Punitive Damages- End- Run Around the Constitution?

How am I offloading costs? If the customer suffers $20,000 in damages because his car breaks down, I pay him $20,000. If he suffers $21,000 because his car breaks down and he it somehow costs him $1000 to go get another one, then I pay him $21,000. He pays no costs; they are all paid by me.

If you go to restaurant and you order a steak, and you get chicken instead, do you ask that the steak be replaced with chicken, or do you ask that it be replaced, and that you be paid punitive damages? What if the restaurant hired an inexperienced waiter, knowing that he would make mistakes, but figuring that the cost of the meals sent back would be less than the difference in wages? Must businesses take every precaution to avoid mistakes, even if the cost of the mistake is less than the remedy?

I did not say that they are receiving punitive damages; I said that they are receiving damages of a punitive nature. Your own cite agrees: “Statutory damages are meant to send a message and to ‘sting’ or make it hurt!” You can call this whatever you want, but the only essential difference is nomenclature.

The problem with the argument is you’re assuming that there are constitutional limitations on fines and punishments in criminal cases, but not on punitive damages in civil cases. That’s not the case.

Punitive damages aren’t awarded just because the plaintiff asks for them in his complaint. Actual damages are what is necessary to make the aggrieved party whole; punitives are only warranted in a situation where the tortfeasor has engaged in “outrageous, malicious, or otherwise morally culpable conduct” makes them necessary to punish and deter.
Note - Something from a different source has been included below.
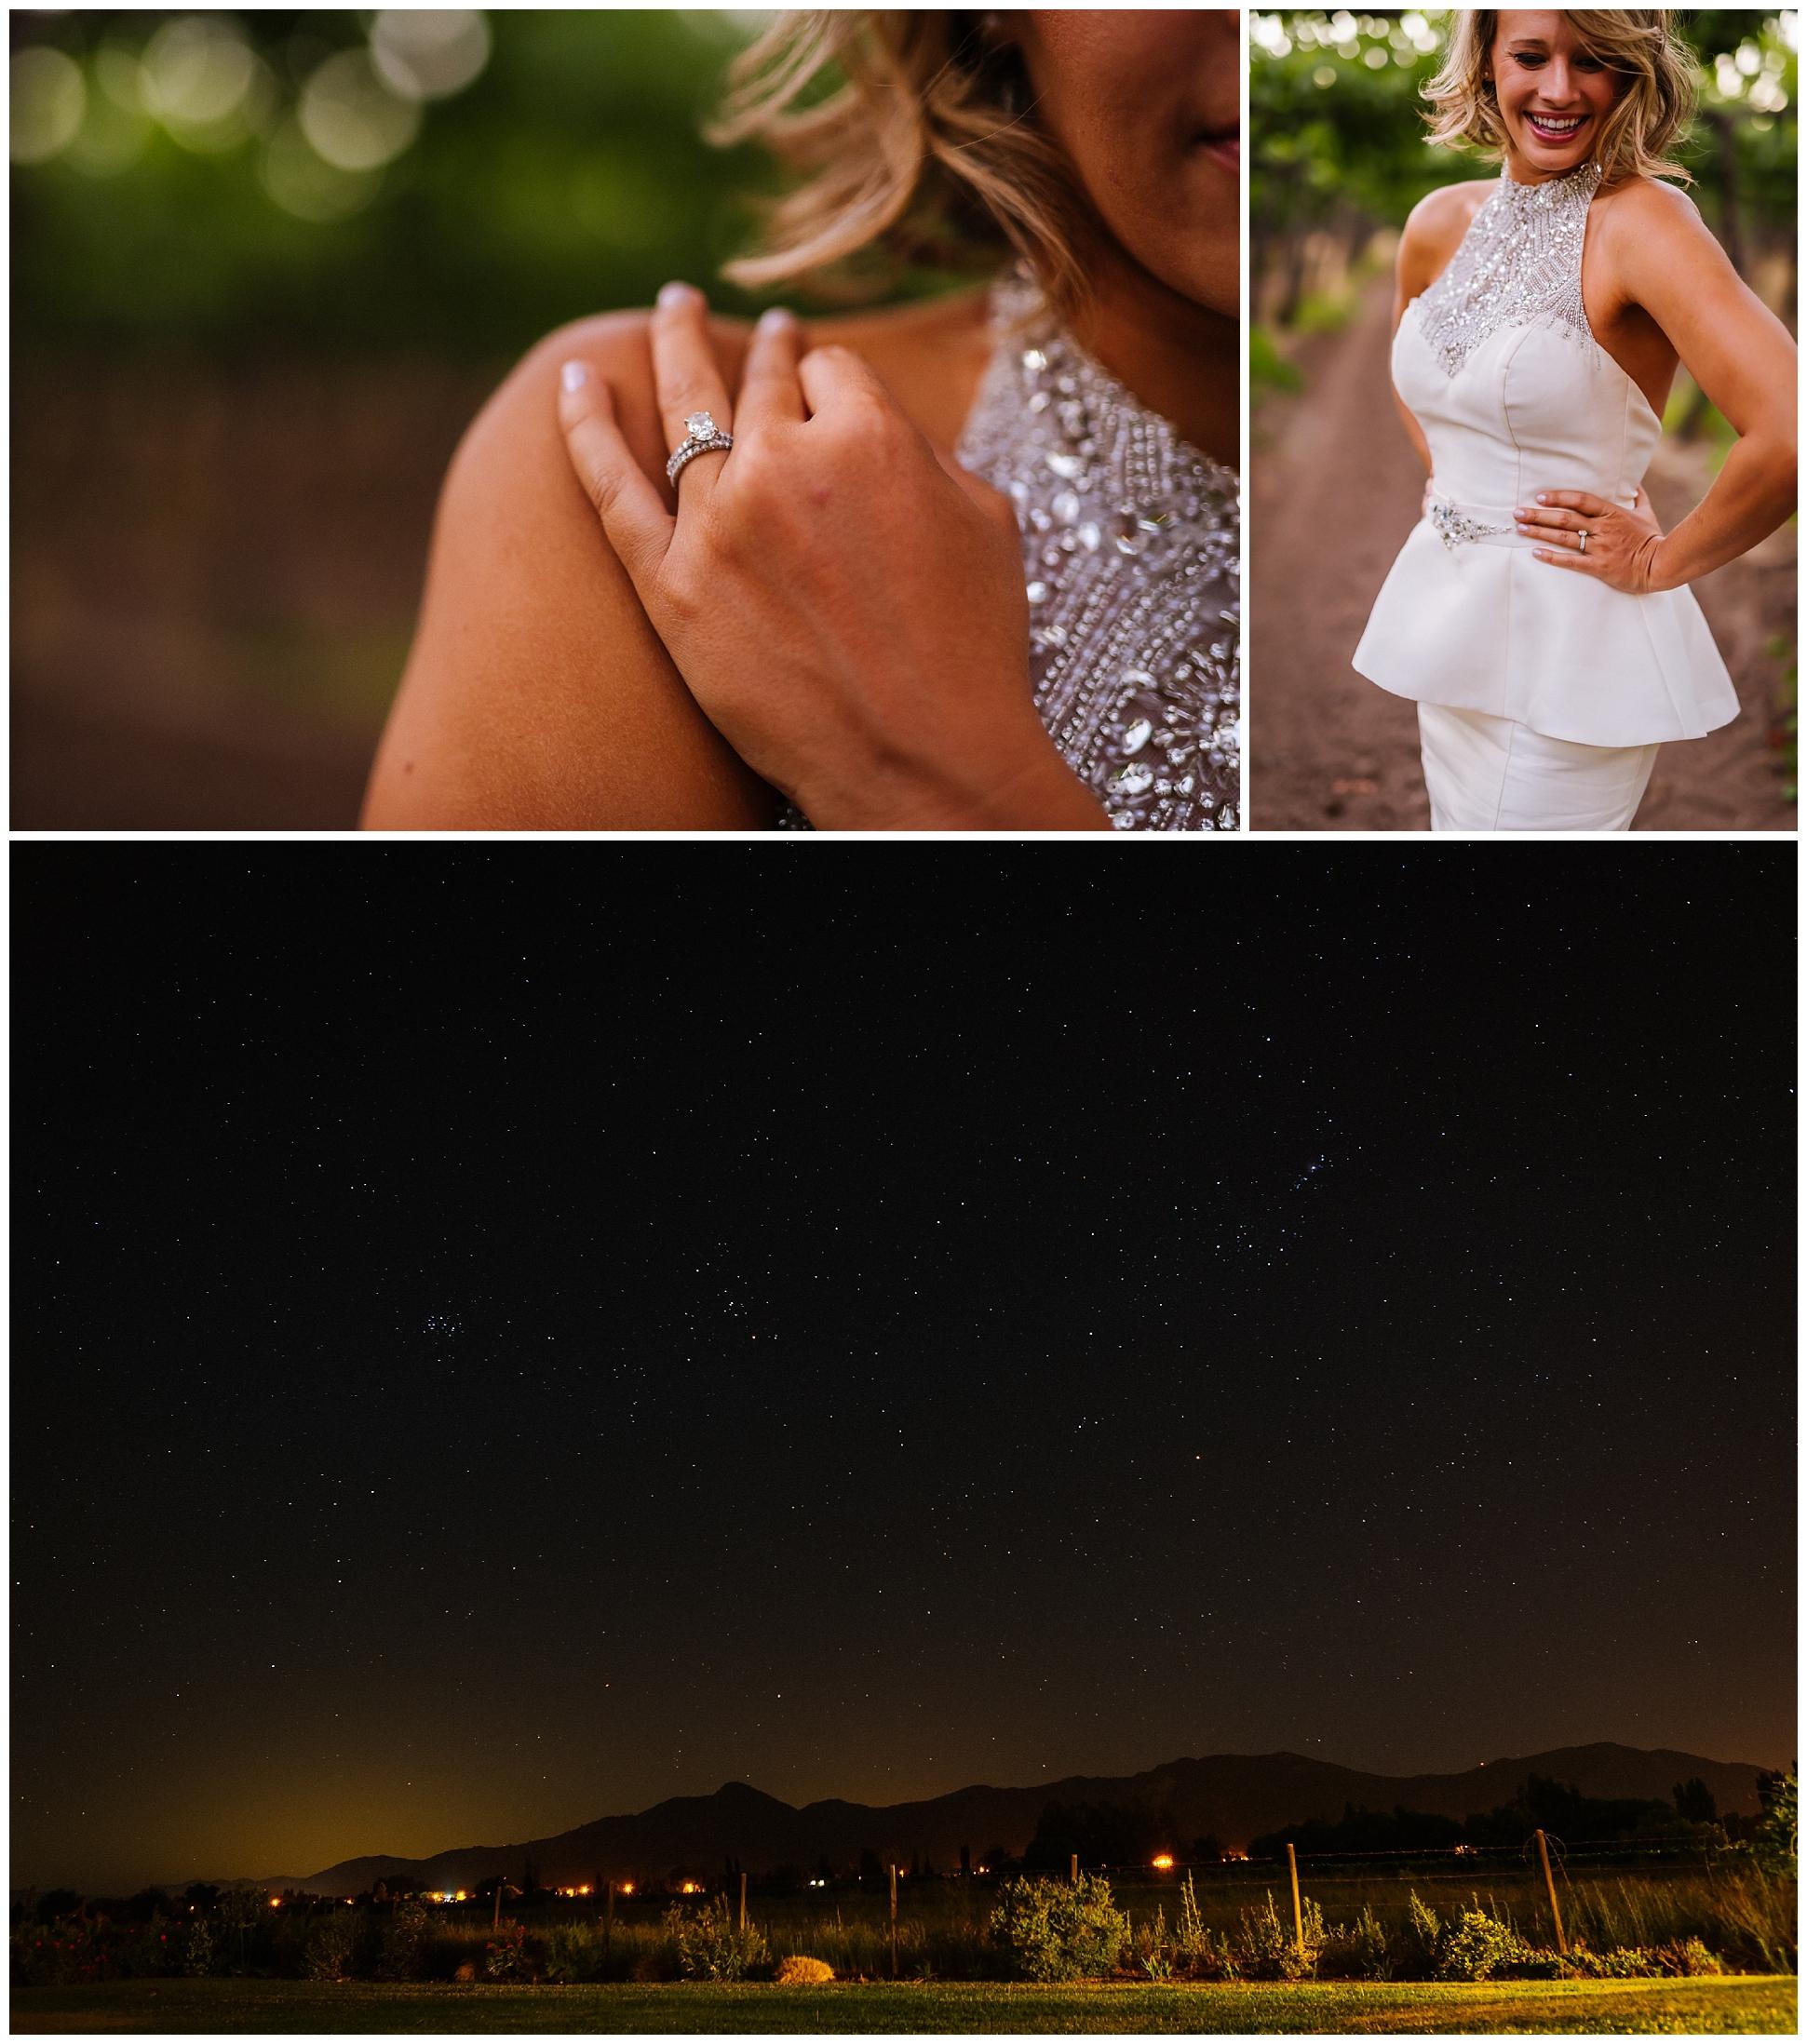 Cheilean-destination-adventure-wedding-florida-patagonia-pucon-santa-cruz-vsco_0150.jpg

Special emphasis is placed on the principle that punitive damages may not be disproportionally greater than the gravity and severity of the misconduct in issue and the injury sustained, and the imposition of “grossly excessive” punitive damages on a tortfeasor violates the Due Process Clause of the Fourteenth Amendment. BMW of N. Am, Inc. v. Gore, 517 U.S. 559 (1996).

The hypothetical just couldn’t happen. No competent judge is going to say that punitive damages assessed against a private citizen amounting ten times actual damages for an action involving the moral culpability of a criminal misdeameanor are constitutionally permissable.

No, I’m aware that civil cases have their own limitations. The criminal limitations, however, don’t apply to them.

Isn’t “outrageous, malicious, or otherwise morally culpable conduct” another way of saying “an act which is a crime, or, if there is no law against it, should be illegal”? (That’s another issue: to seek punitive damages, need there be a specific law broken?) And isn’t seeking punishment for criminal acts properly handled by the criminal justice system?

I am quite certain that there are cases in which a judge has assesed $1 in actual damages, and considerably more in punitive damages. In the infamous McD coffee lawsuit, actual damages were $200,000. Punitive damages were $2.7M. In a recent tobacco suit, actual damages were $5.5M. Punitive damages were $3 billion. Granted, those two were reduced on appeal, but it shows that it’s not inconceivable.